1Cooperative Institute for Research in the Environmental Sciences (CIRES), University of Colorado, Boulder, CO, USA
2NOAA Earth System Research Laboratory, Boulder, CO, USA
3Department of Chemistry and Biochemistry, University of Colorado, Boulder, CO, USA
4NOAA Pacific Marine Environmental Laboratory, Seattle, WA, USA
5Brookhaven National Laboratory, 75 Rutherford Drive, Upton, NY, USA
6Department of Environmental Toxicology, University of California, Davis, CA, USA
7School of Earth, Atmospheric and Environmental Science, The University of Manchester, UK
8National Centre for Atmospheric Science, School of Earth, Atmospheric and Environmental Sciences, The University of Manchester, Manchester, UK
Abstract. An accurate but simple quantification of the fraction of aerosol particles that can act as cloud condensation nuclei (CCN) is needed for implementation in large-scale models. Data on aerosol size distribution, chemical composition, and CCN concentration from six different locations have been analyzed to explore the extent to which simple assumptions of composition and mixing state of the organic fraction can reproduce measured CCN number concentrations.

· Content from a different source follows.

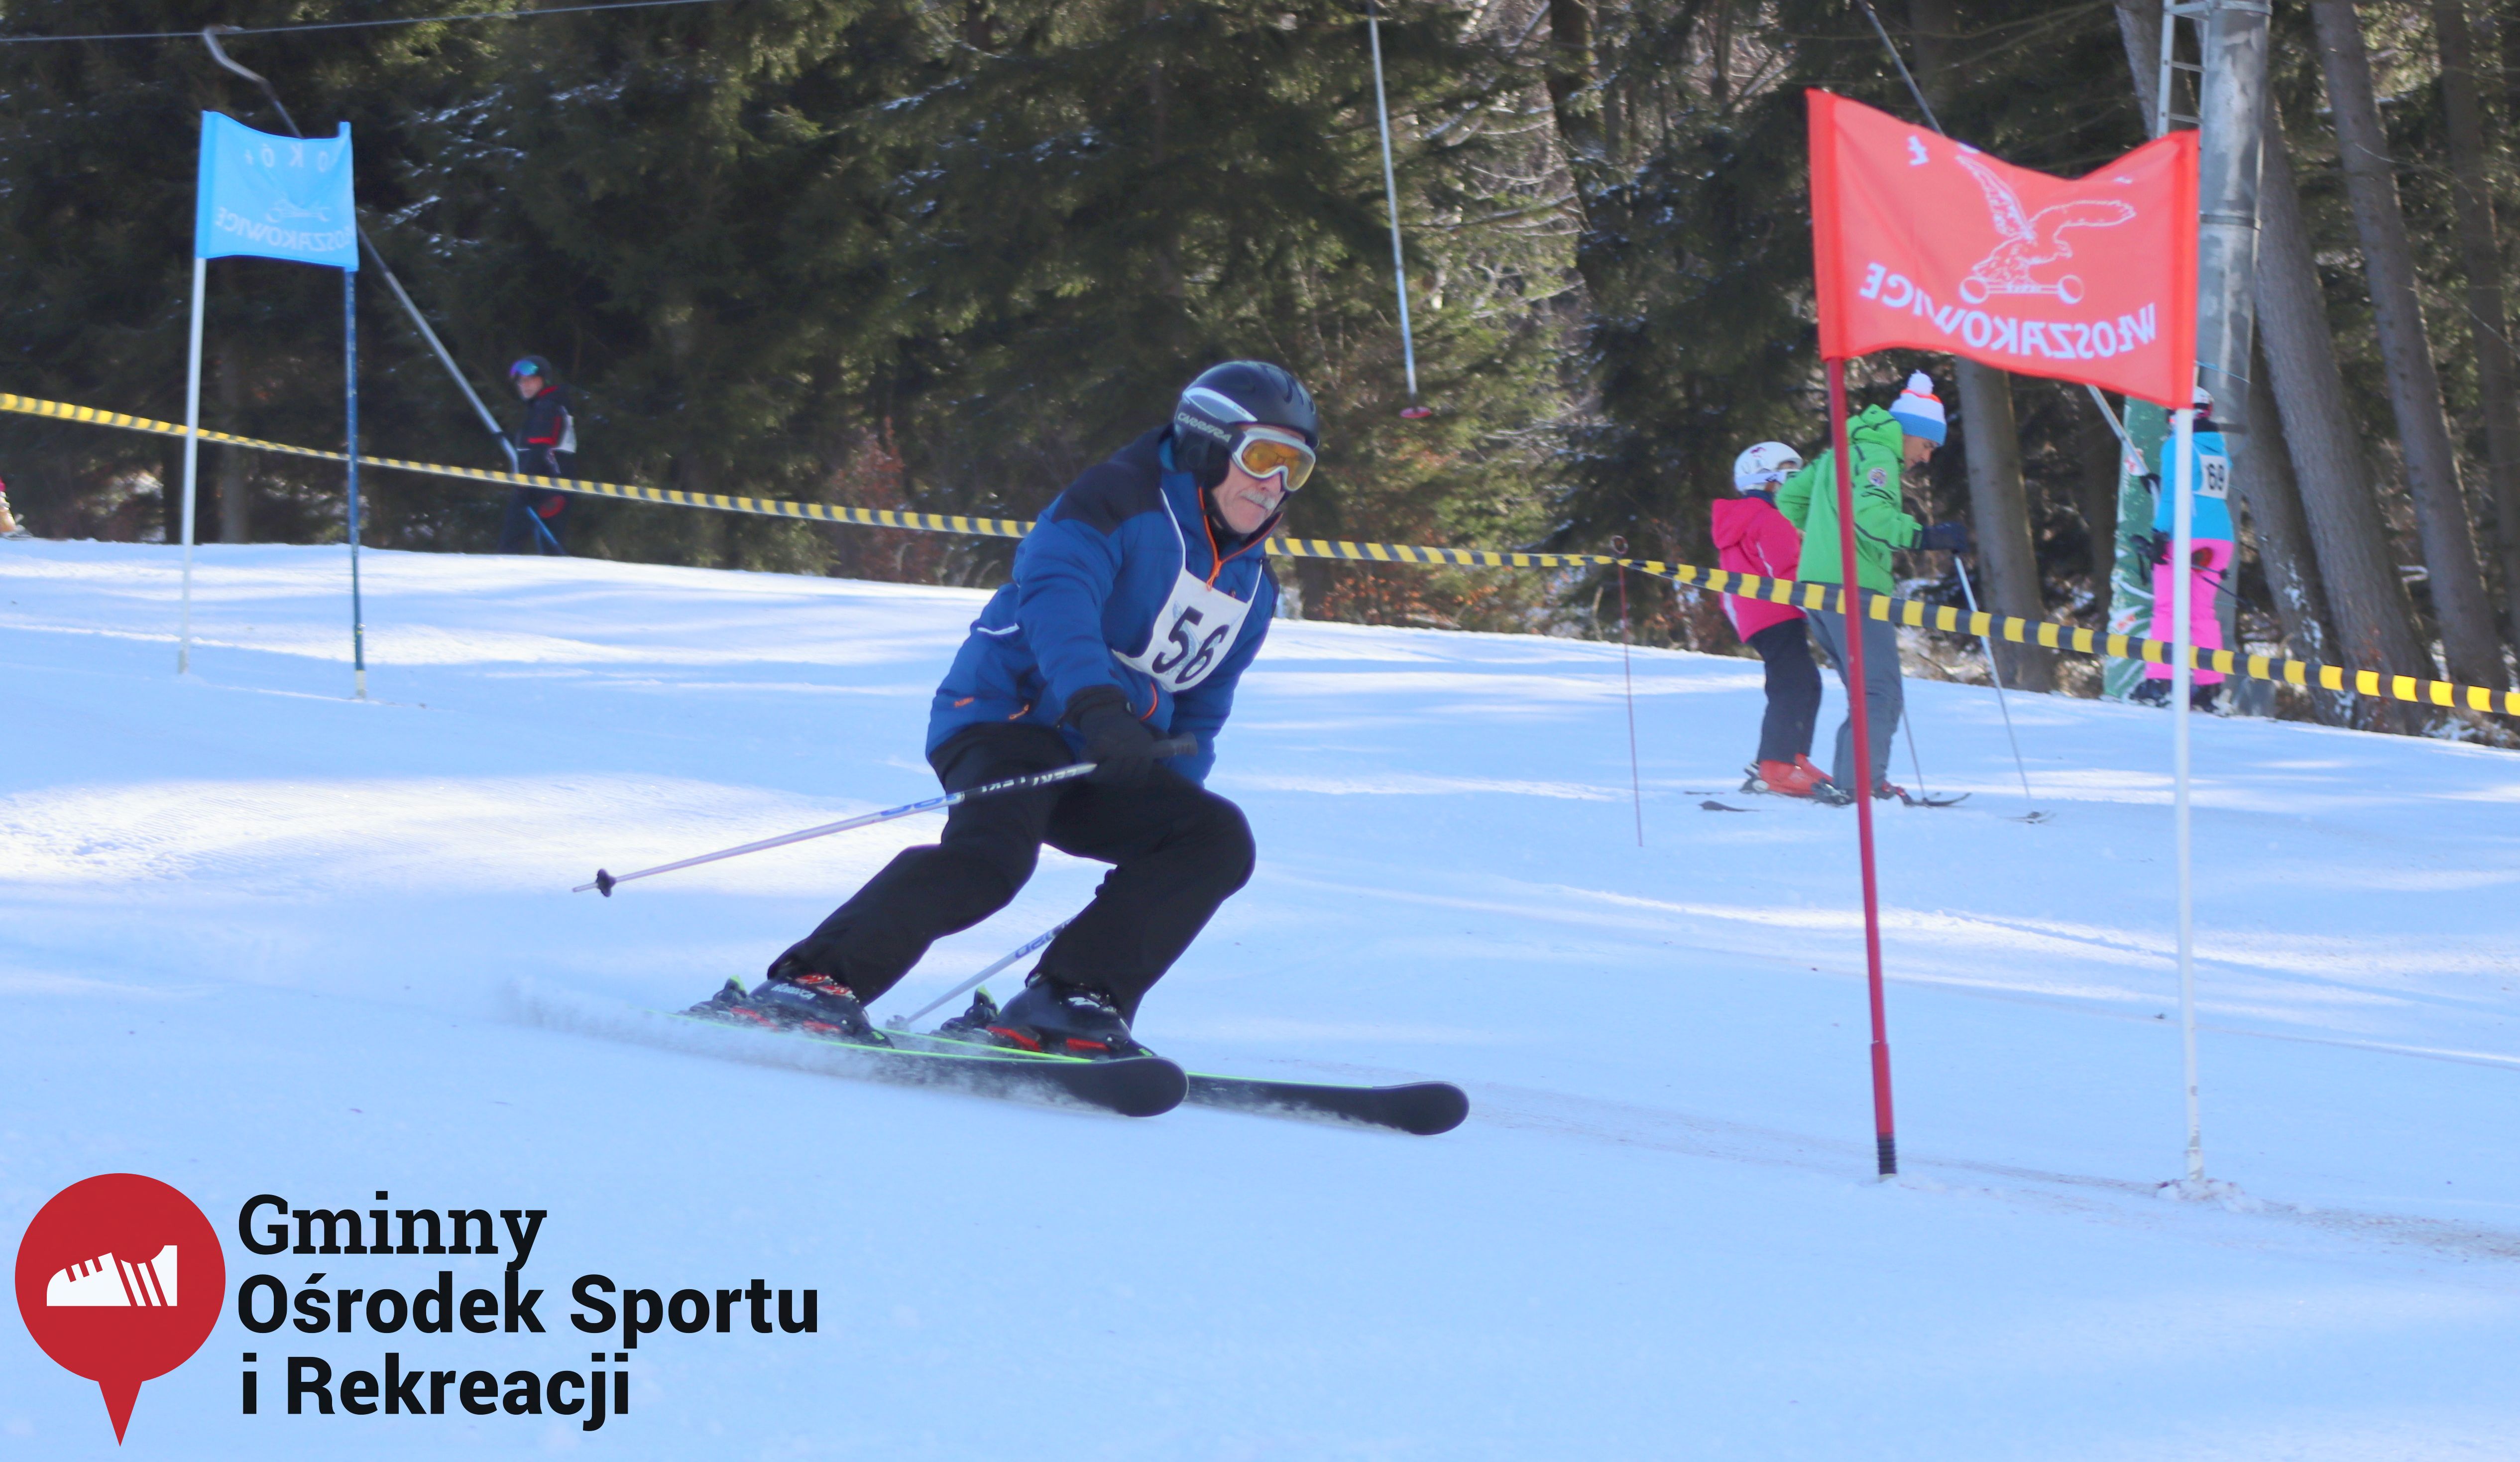 2022.02.12 - 18. Mistrzostwa Gminy Woszakowice w narciarstwie024.jpg - 1,01 MB

Fresher pollution aerosol as encountered in Riverside, CA, and the ship channel in Houston, TX, cannot be represented without knowledge of more complex (size-resolved) composition. For aerosol that has experienced processing (Mexico City, Holme Moss (UK), Point Reyes (CA), and Chebogue Point (Canada)), CCN can be predicted within a factor of two assuming either externally or internally mixed soluble organics although these simplified compositions/mixing states might not represent the actual properties of ambient aerosol populations, in agreement with many previous CCN studies in the literature. Under typical conditions, a factor of two uncertainty in CCN concentration due to composition assumptions translates to an uncertainty of ~15% in cloud drop concentration, which might be adequate for large-scale models given the much larger uncertainty in cloudiness.